Enable Offloading to Host Memory#

Before a block is evicted from GPU memory, it can optionally be offloaded to host (CPU) memory. The block remains reusable until it is evicted from host memory. When an offloaded block is reused, it is first copied back into GPU memory. Offloading is controlled with property host_cache_size which specifies how much host memory (in bytes) should be allocated for offloading. The default is 0.

When offloading is enabled, the client can prevent specific blocks from being offloaded by toggling block priority. Blocks with lower priority than a certain threshold are not offloaded; they are evicted directly from GPU memory to reduce traffic between GPU and host. This priority is set with secondary_offload_min_priority. Default value is 35, meaning any block with lower priority than 35 will not be offloaded.

Partial Reuse#

Partial reuse of a block can happen when some but not all tokens are matched. It is enabled by default, but can be disabled by setting enable_partial_reuse to False.

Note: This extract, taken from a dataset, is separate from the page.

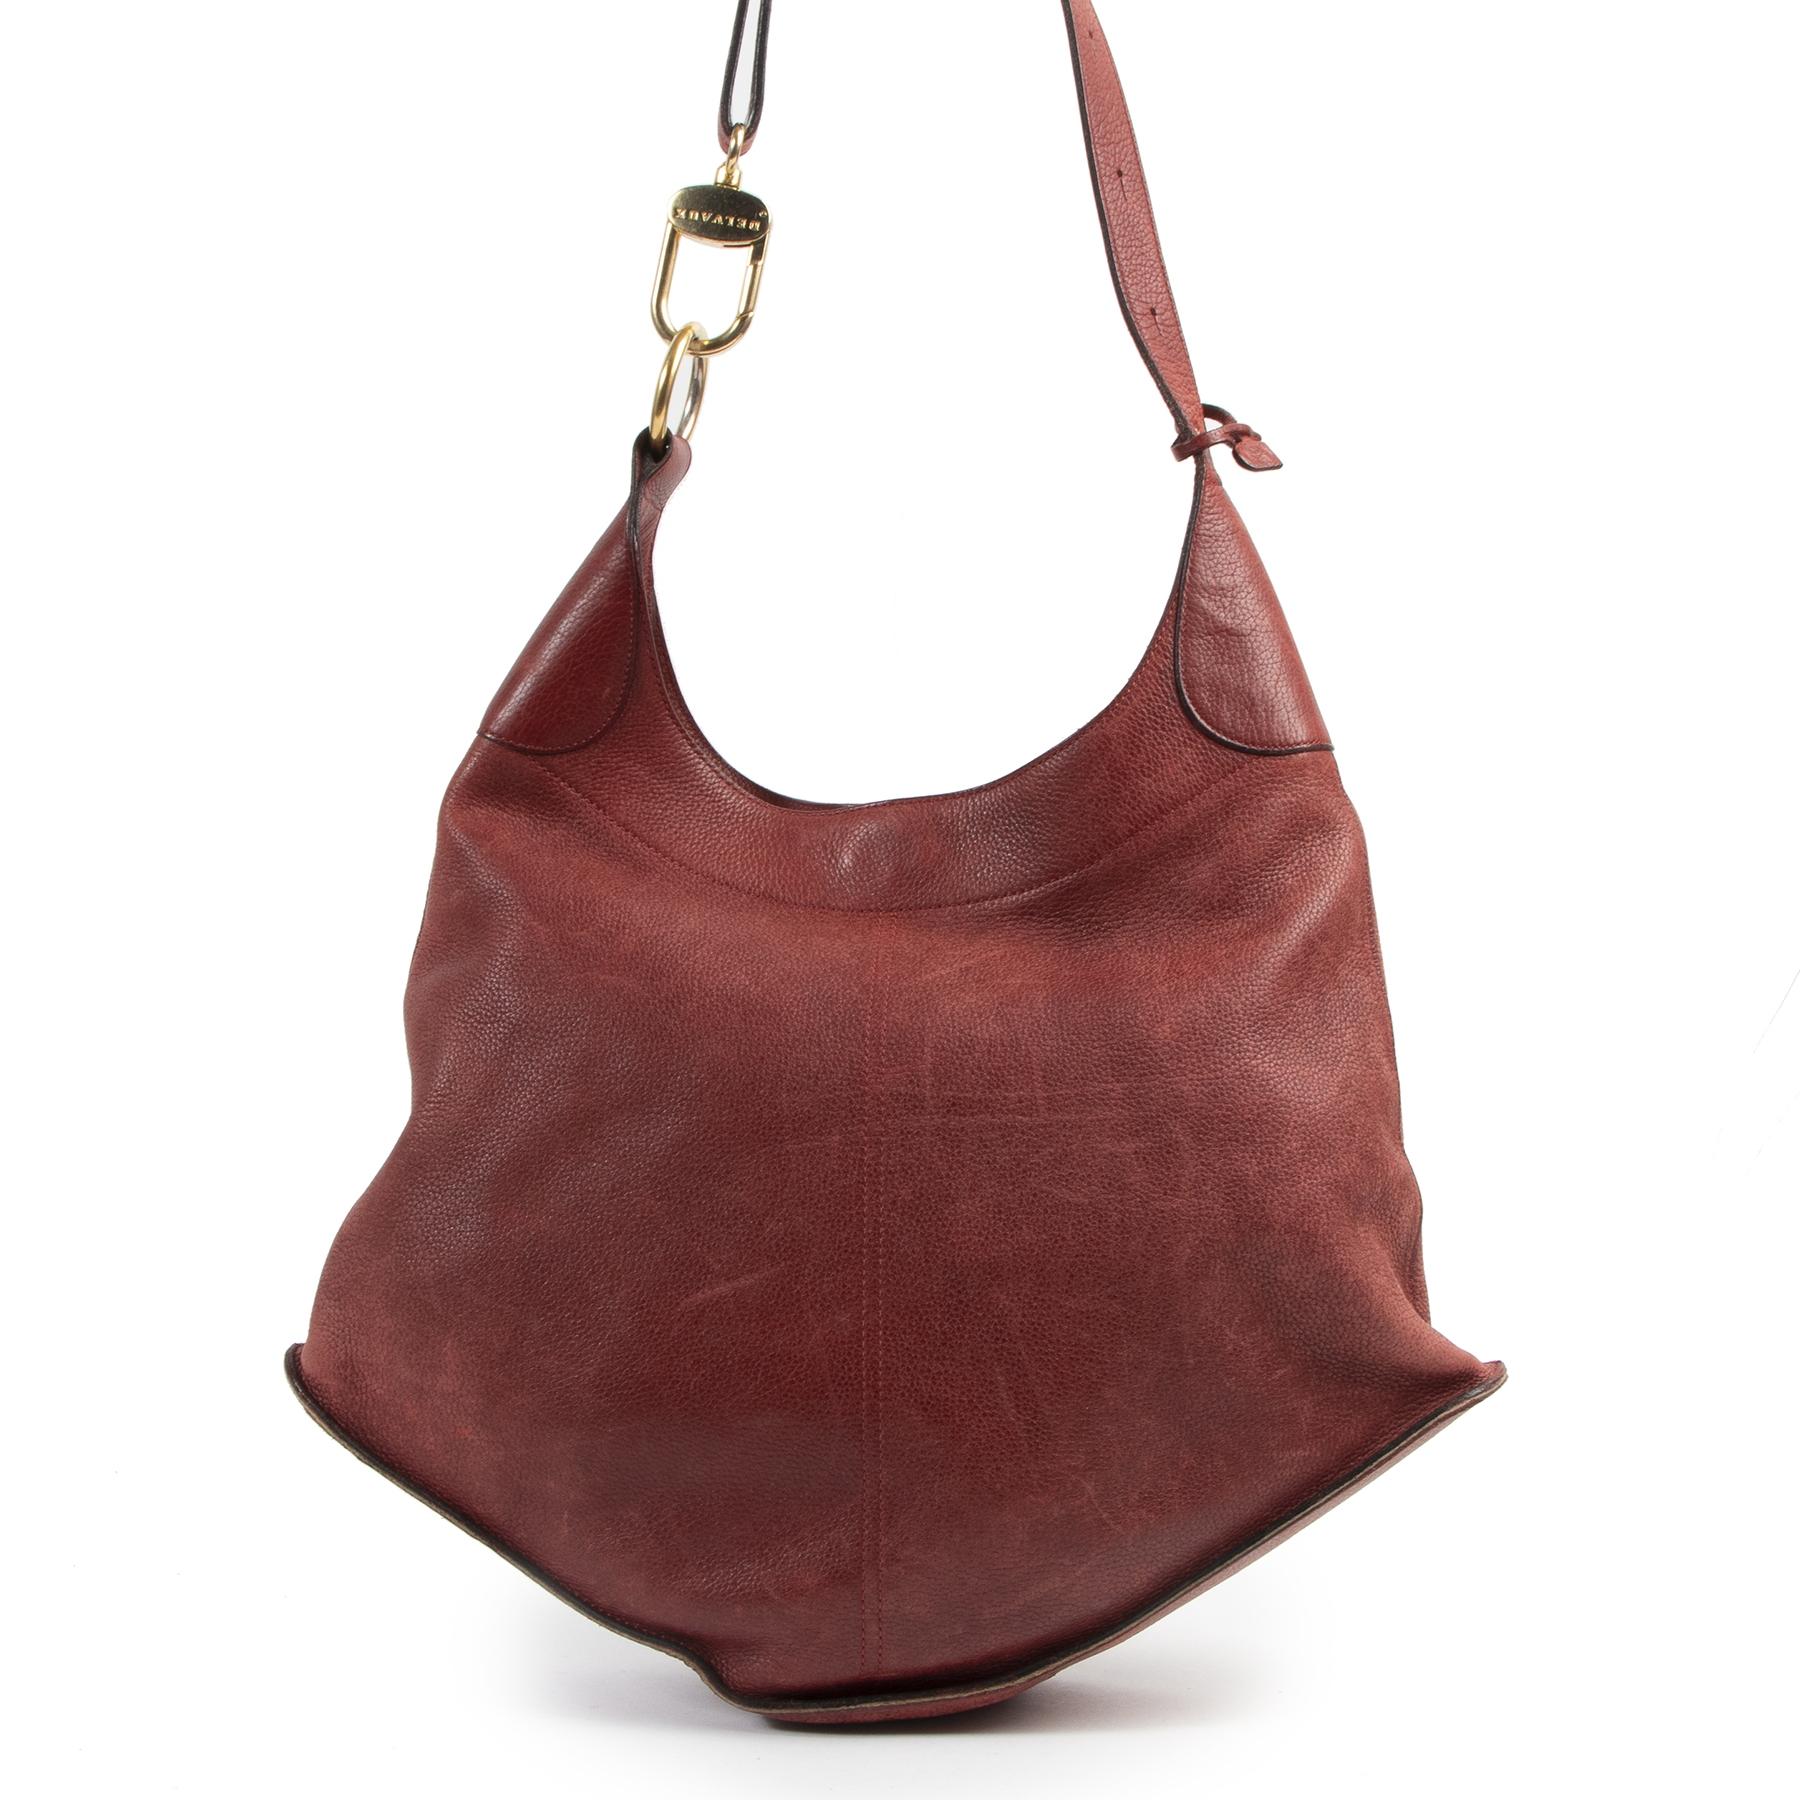 Authentieke Tweedehands Delvaux Red Leather Shoulder Bag juiste prijs veilig online shoppen luxe merken webshop winkelen Antwerpen België mode fashion

The property copy_on_partial_reuse specifies whether a block should be copied or not in order to allow partial reuse. If copying is disabled, a partially matched block can only be reused if no other request is using it. If copying is enabled, partially matched blocks are not reused directly, instead a new block is created and the matched tokens are copied into the new block. This allows multiple requests to partially reuse a block.

Attention Window Size#

Property max_attention_window specifies the maximum attention window size for each layer in the model as a list of integer values. If the length of this list is less than number of layers, the list is repeated as many times as necessary. For instance, if the model has only full attention layers and maximum sequence length is 4096, you can specify this as max_attention_window = [4096]. If the first layer is full attention, the second layer is limited attention with window size 256 and then this repeats for the remaining layers, you specify this as max_attention_window = [4096,256]. This means first layer is full attention, second layer is limited attention, third layer is full attention, fourth layer is limited attention and so on.

Deprecated Properties#

Properties use_uvm and sink_token_length have been deprecated and will be removed in a future release.